Unlike shrimp hemolymph cells, both of these two kinds of mixed viruses could infect the adult tissues of most of the injected shrimps with an infection efficiency of 70–80% and in tissue-specific and dose-dependent manners, and this was confirmed by semi-quantitative RT-PCR analysis. One possible reason for the significantly higher infection efficiencies of the above-mentioned two kinds of mixed viruses is the higher dividing capacity of live shrimp tissues in comparison with the in vitro cultured shrimp cells. Of note, unlike the mixed viruses of pUC19-IHHNV-PH-GUS and Bacmid, strong blue signals could be detected not only in the hearts and gills but also in the Oka organs and intestines of the shrimps infected by the mixed viruses of pUC19-IHHNV-PH-GUS and Bacmid-VP28, suggesting the much higher infection and GUS expression capability of the mixed viruses when Bacmid-VP28 was included, confirming that Bacmid-VP28 had much higher infectivity in shrimp tissues than Bacmid did.
In addition, VP28 is the most abundant major envelope protein of WSSV, but it is not the only one. In fact, the WSSV envelope consists of at least 35 different proteins, and more than 23 of them are denoted as envelope proteins (GenBank No. AF332093.3). The high diversity of envelope proteins in WSSV may to a great degree contribute to its wide tissue distribution; in other words, WSSV can be detected in almost all the tissues of the infected shrimps. Thus, we think the introduction of other kinds of WSSV envelope proteins into the recombinant baculovirus might change its tissue-specific tropism and confer a crucial factor to influence the tissue-specific tropism of the above mixed viruses [
42].
Taken together, a shrimp virus (IHHNV)-mediated gene transfer and expression system was successfully developed in this study, which consisted of a shrimp IHHNV-based expression vector of pUC19-IHHNV-PH-GUS, a helper baculovirus of Bacmid-VP28 and one packaging cell line of insect Sf9. This useful research tool for efficient gene transfer and expression in shrimps will greatly promote future works on the molecular breeding of transgenic shrimps with merit traits as well as the immortalization of the in vitro cultured shrimp cells, although it still needs more improvements in terms of the gene delivery efficiency and biosafety assessment, for example, the use of IHHNV with full-length 5′ and 3′ ITR, or the production of replication-defective IHHNV by splitting up of the capsid gene (ORF3) from the IHHNV genomic DNA.
4. Materials and Methods
4.1. Shrimps
Actively swimming shrimps (Metapenaeus ensis), 12 ± 3 cm in length and 15 ± 5 g in weight, were purchased from a local seafood market in Nanshan, Qingdao, China.
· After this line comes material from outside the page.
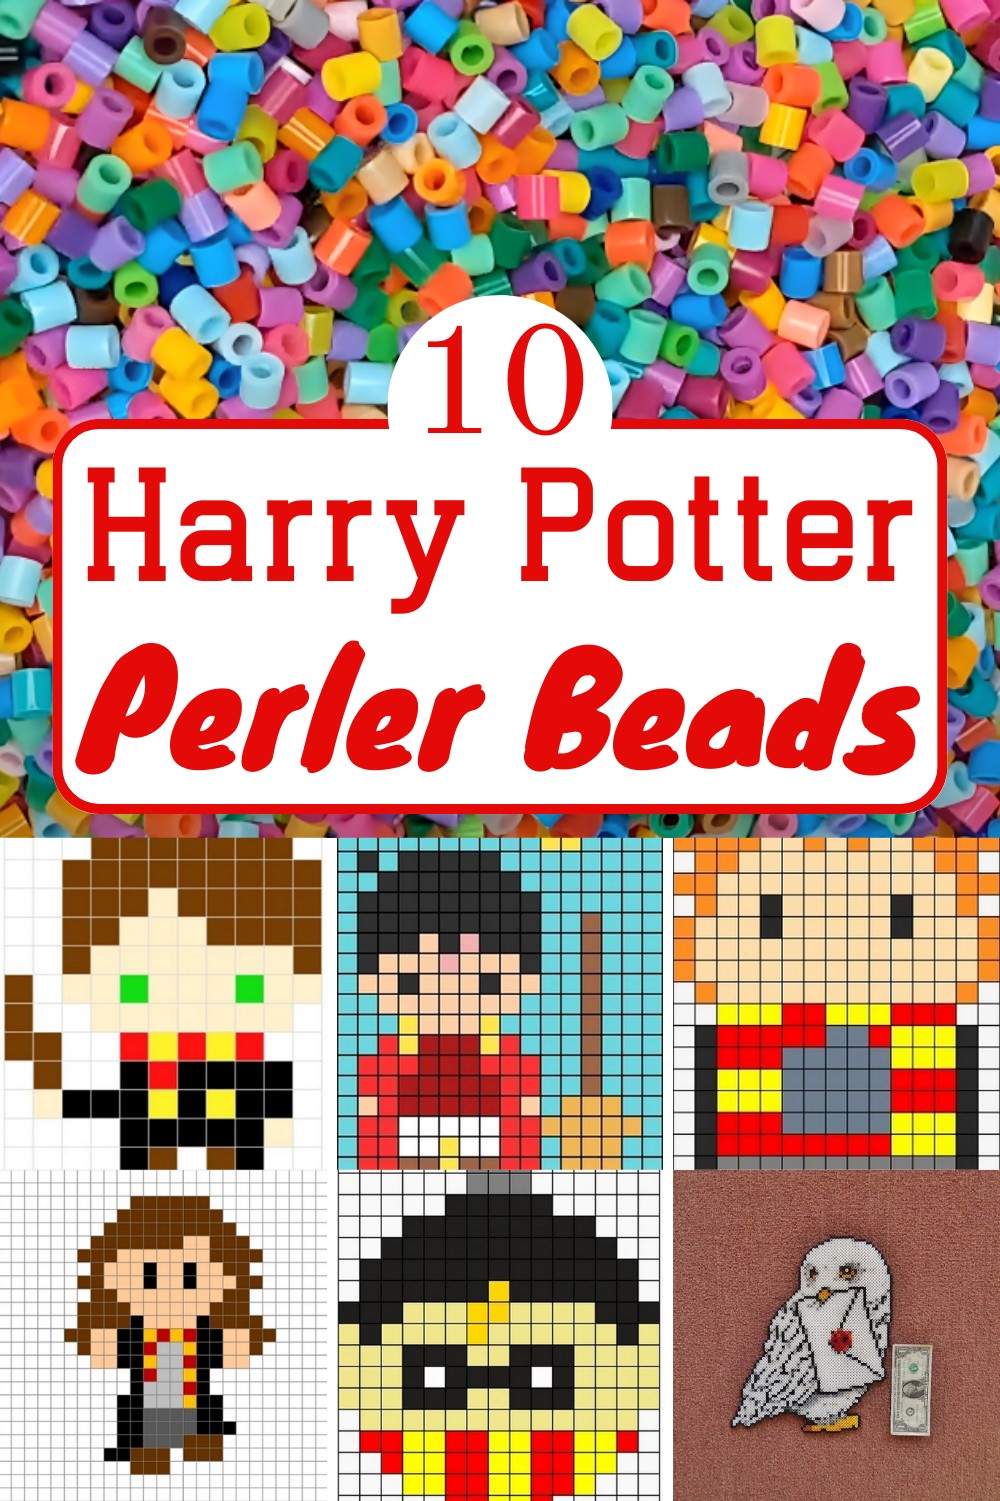 10 Harry Potter Perler Beads Patterns - DIY Crafts

They were acclimatized in aerated seawater at an ambient temperature of 18–25 °C for at least two days before being used for viral infection and primary cell culture. The infectious hypodermic and hematopoietic necrosis virus (IHHNV)-infected shrimps were sampled from the local shrimp farm in Qingdao, China, immediately frozen and transported in liquid nitrogen to laboratory, and then stored at −80°C until used for the isolation of the genomic DNA of IHHNV. The care and use of the shrimps were performed under supervision and approved by the scientific ethics committee of Ocean University of China.
4.2. Cells and Cell Culture
A continuous insect cell line of Sf9, derived from the ovarian tissues of the pupa of fall army worm, Spondoptera frugiperda, was used for the packaging and titration of the shrimp IHHNV-based recombinant viruses, the baculoviruses of Bacmid (i.e., bMON14272, from the Bac-to-Bac baculovirus expression system, Cat. No. 10360-014, Invitrogen, Carlsbad, CA, USA), Bacmid-GUS encoding β-glucuronidase (GUS), and Bacmid-VP28 encoding the envelope protein (VP28) of shrimp WSSV. The Sf9 cells were maintained in SIM medium (Sino Biological, Beijing, China) supplemented with 10% fetal bovine serum (FBS, Biological Industries, Kibbutz Beit Haemek, Israel, ISR) at 28 °C in a 3% CO2 incubator.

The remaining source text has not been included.